Provided material:
----

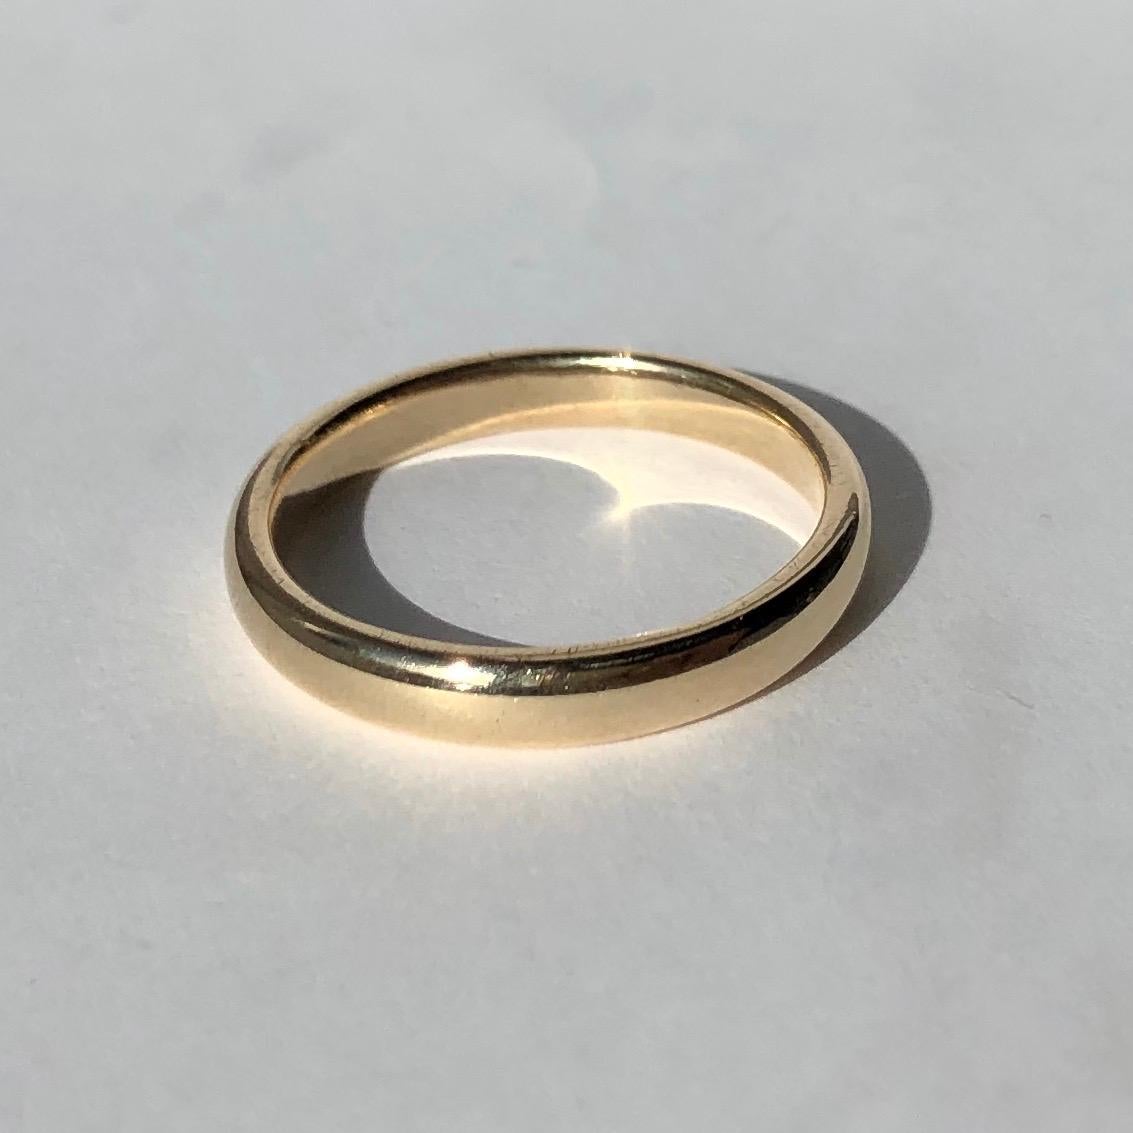 Ein Band aus 9-karätigem Gold ist der perfekte klassische Ehering oder ein großartiges Stück für den täglichen Gebrauch. Hergestellt in London, England. 

Ring Größe: M oder 6 1/4 
Bandbreite: 2mm 

Gewicht: 2,46g

----

What needs to be done: Transcribe exactly the line containing "Ring Größe: M oder 6 1/4" and all remaining lines of the material, ending with the last one.

Written answer:
Ring Größe: M oder 6 1/4 
Bandbreite: 2mm 

Gewicht: 2,46g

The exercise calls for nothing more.